▸ **Exercise prompt**: Leave the pictures out and reproduce all the entries word for word.

** Records to use follows **

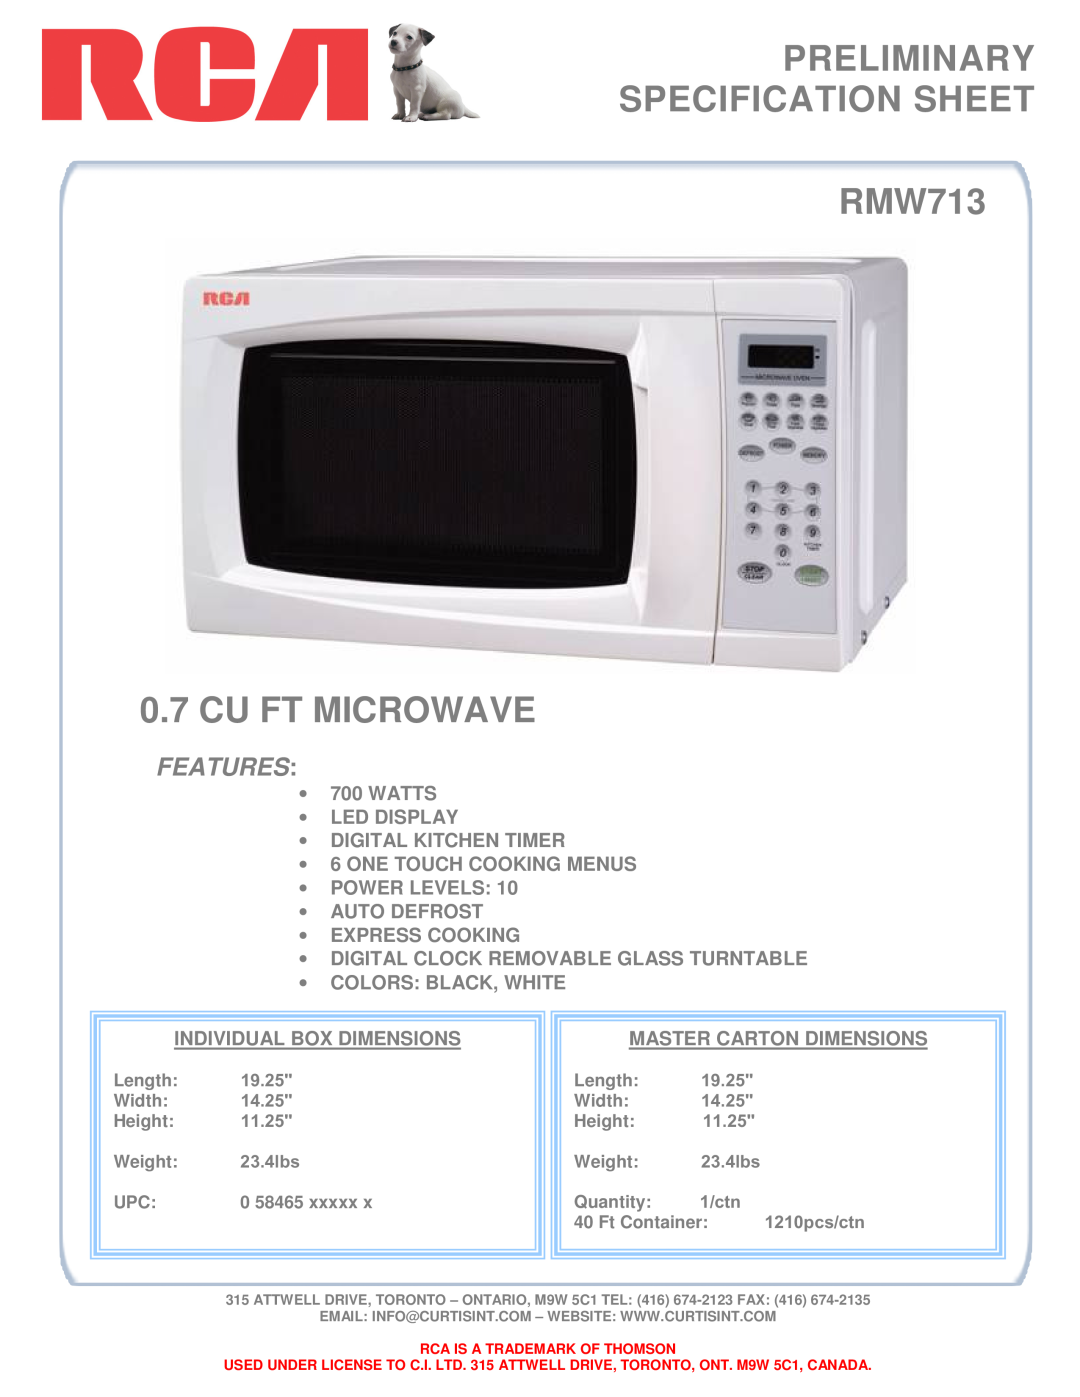 Curtis dimensions PRELIMINARY SPECIFICATION SHEET RMW713, Cu Ft Microwave, Features 
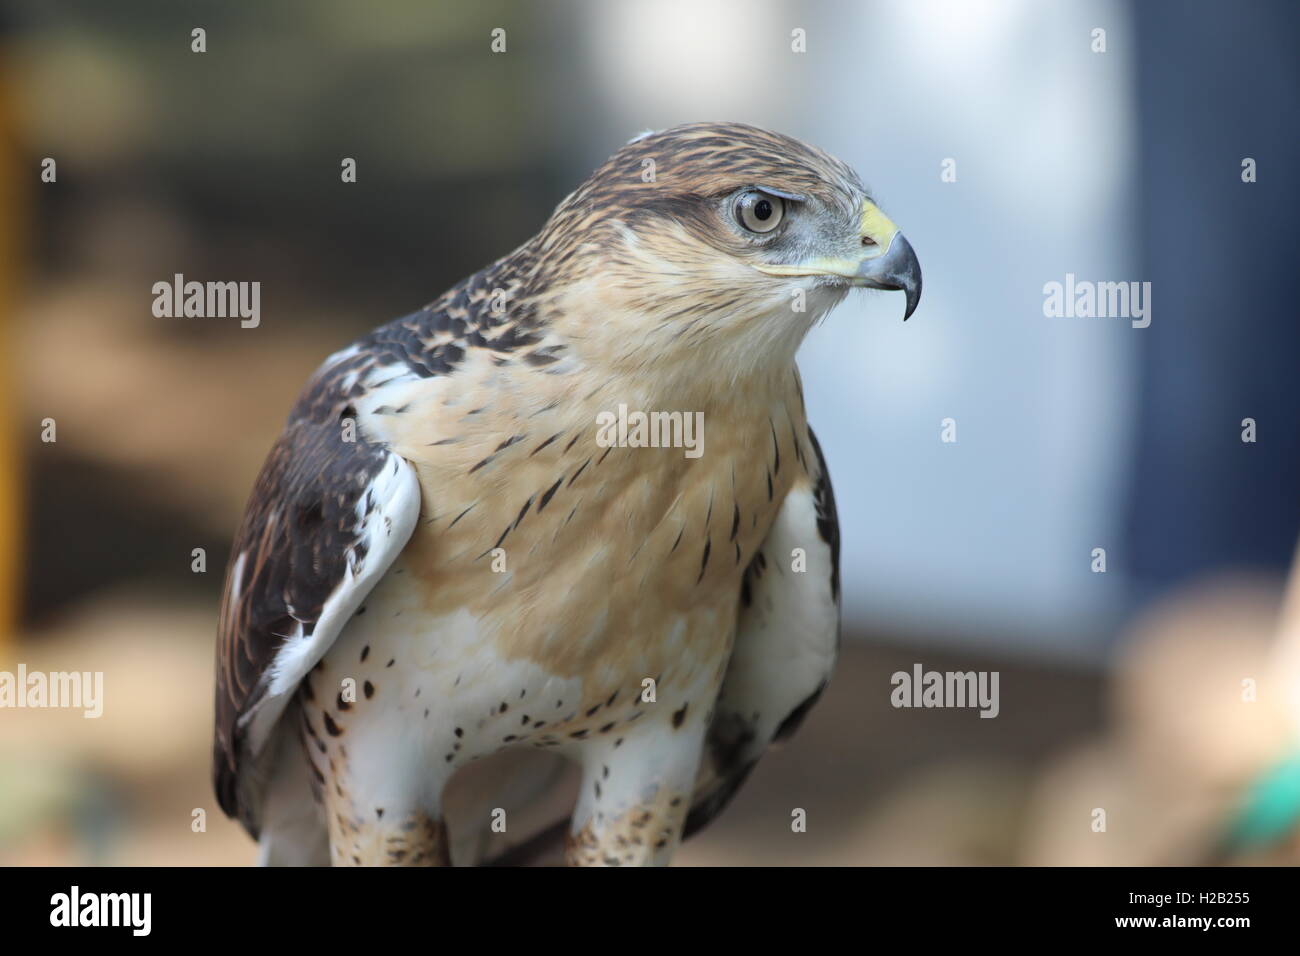 Hawk Red Tail Banque D'Images
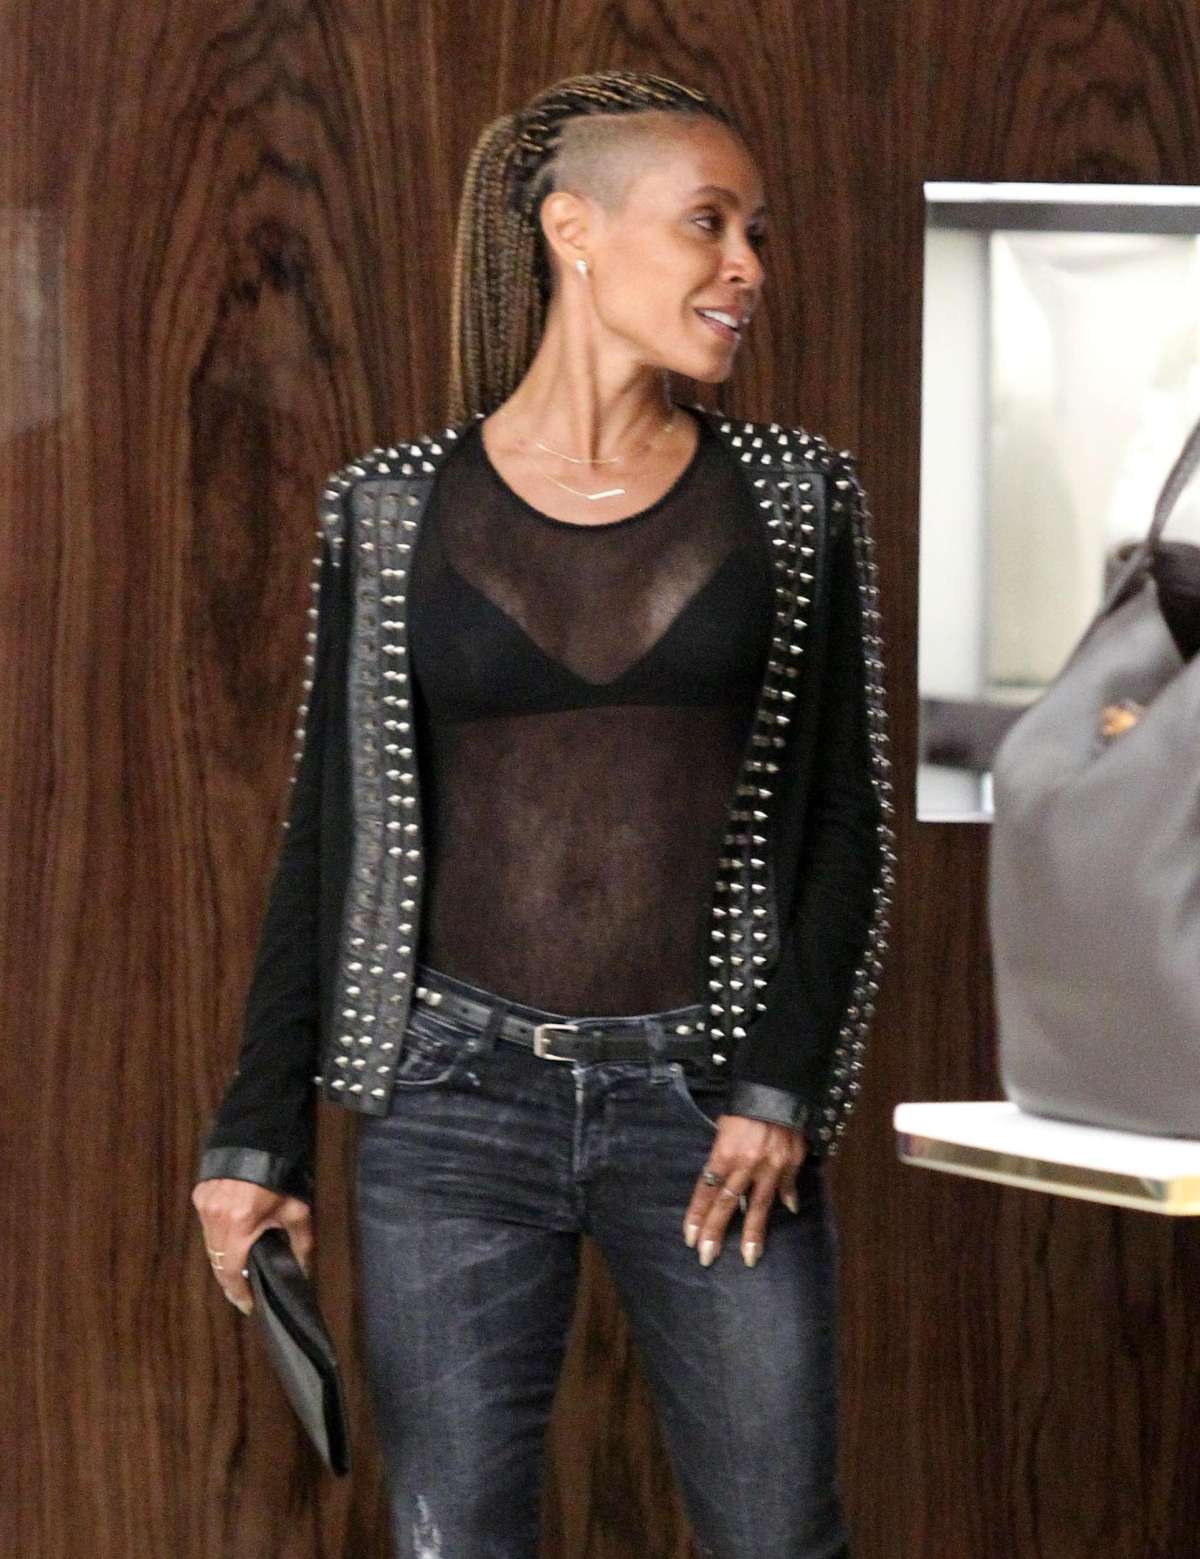 22 Hot Pictures Of Jada Pinkett Smith The Urban Daily
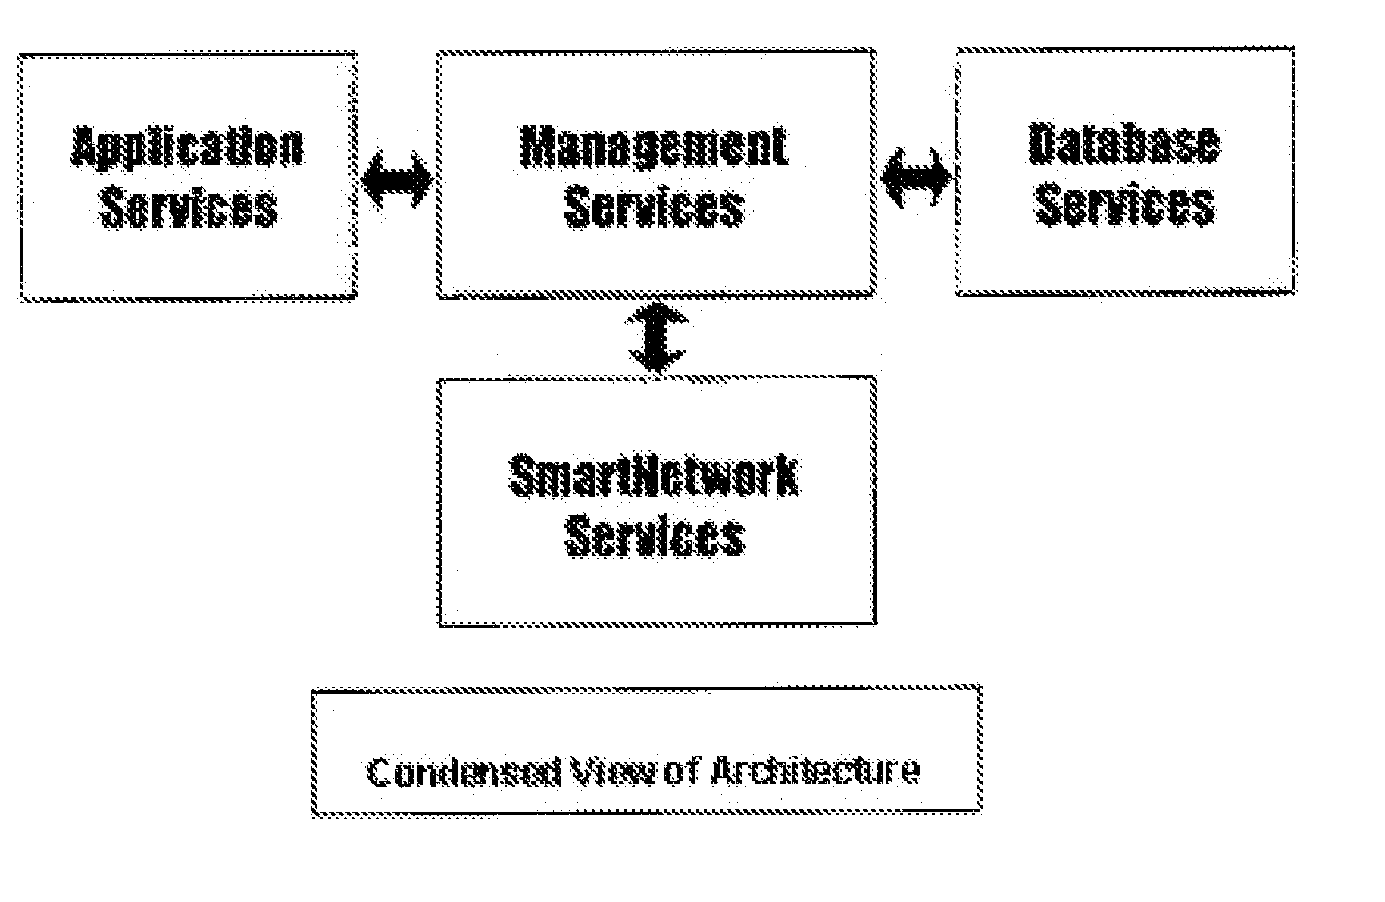 Method for smart device network application infrastructure (SDNA)
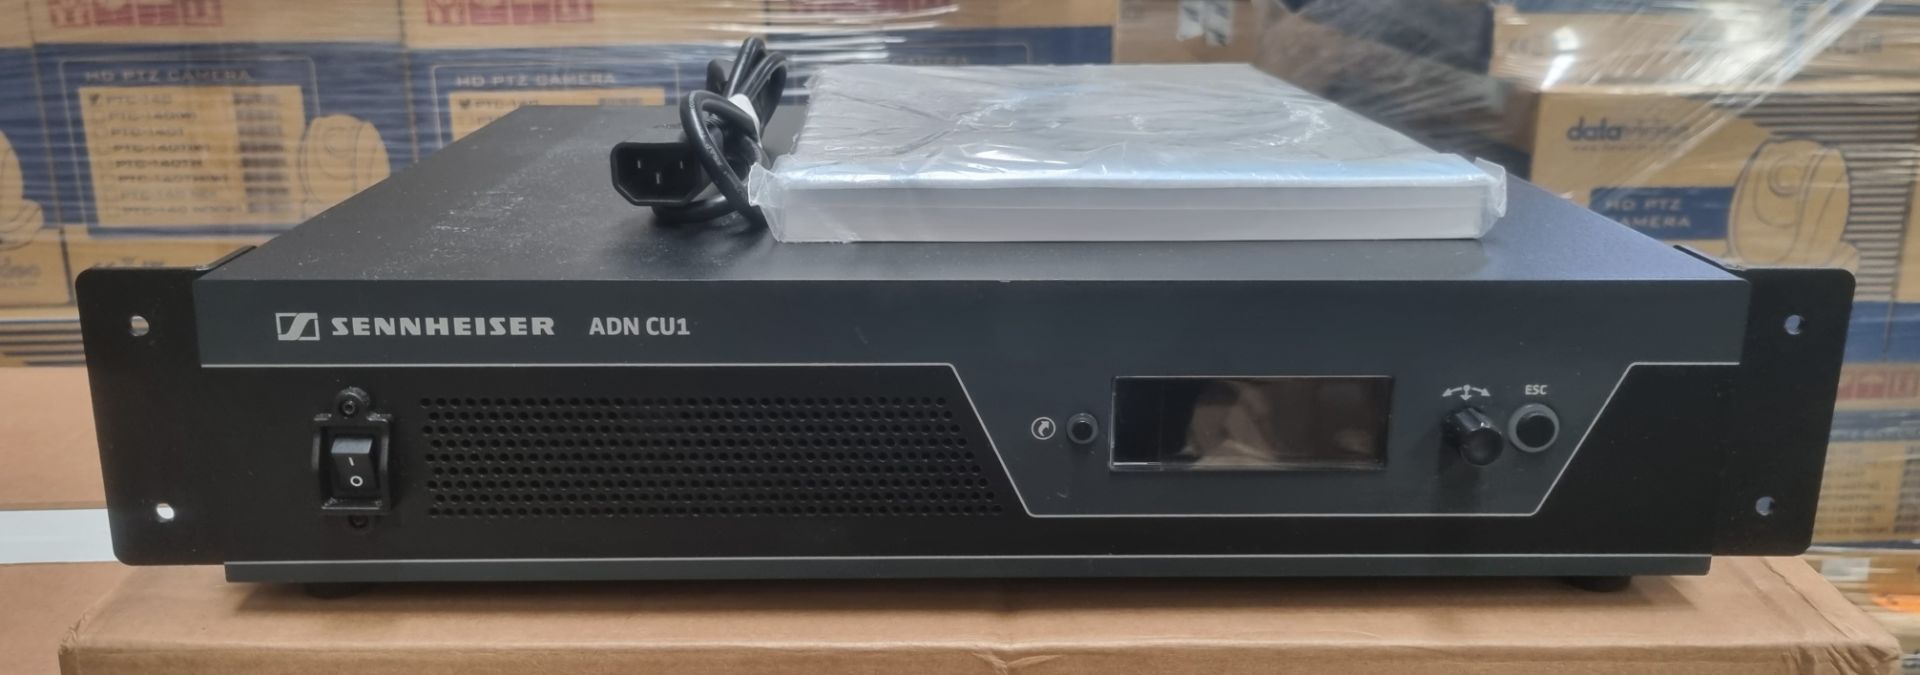 Sennheiser CU1-UK central control unit, STOCK IMAGE, tested and working unit only

** End of Records to use **

▸ **Answer to the exercise**:
 Curtis dimensions PRELIMINARY SPECIFICATION SHEET RMW713, Cu Ft Microwave, Features 
 Hawk Red Tail Banque D'Images
 22 Hot Pictures Of Jada Pinkett Smith The Urban Daily
 Method for smart device network application infrastructure (SDNA)
 Sennheiser CU1-UK central control unit, STOCK IMAGE, tested and working unit only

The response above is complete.